I have this code:
import pandas as pd
df = pd.DataFrame({'consumption': [10.51, 103.11, 55.48], 'co2_emissions': [37.2, 19.66, 1712]}, index=['Pork', 'Wheat Products', 'Beef'])
df['Max'] = df.idxmax(axis=1, skipna=True, numeric_only=True)
df
I need to find the n largest values. Here there is a technique using apply/lambda. But it returns error.
df.apply(lambda s: s.abs().nlargest(2).index.tolist(), axis=1,skipna=True, numeric_only=True)
TypeError: () got an unexpected keyword argument 'numeric_only'
Is there any way to obtain top N results using idxmax? Is there any way to overcome this error got when using apply lambda method?

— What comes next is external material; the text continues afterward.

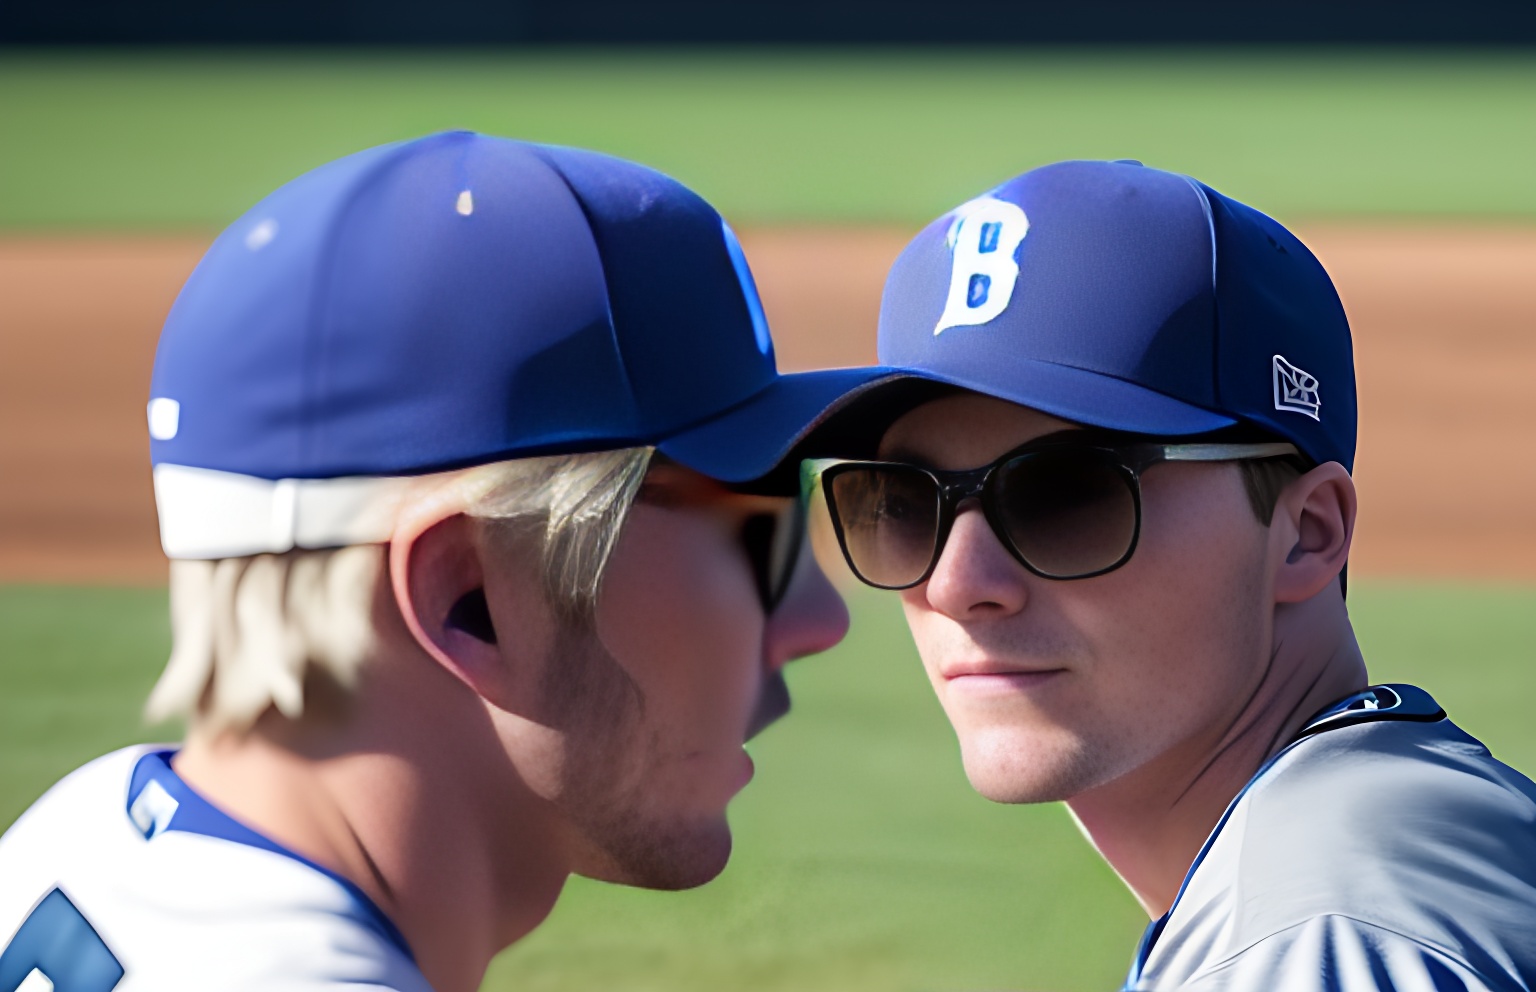 Can High School Baseball Pitchers Wear Sunglasses?

Your error is due to passing the skipna
and numeric_only
parameters to apply
.
You can fix it with:
(df.select_dtypes('number')
.apply(lambda s: s.dropna().abs().nlargest(2)
.index.tolist(), axis=1)
)
Output:
Pork [co2_emissions, consumption]
Wheat Products [consumption, co2_emissions]
Beef [co2_emissions, consumption]
dtype: object
A more efficient approach using numpy
N = 2
tmp = df.select_dtypes('number')
out = pd.Series(
np.take_along_axis(
tmp.columns.to_numpy()[:, None],
np.argpartition(tmp, -N)[:, -N:],
axis=0
)[:, ::-1].tolist(),
index=df.index,
)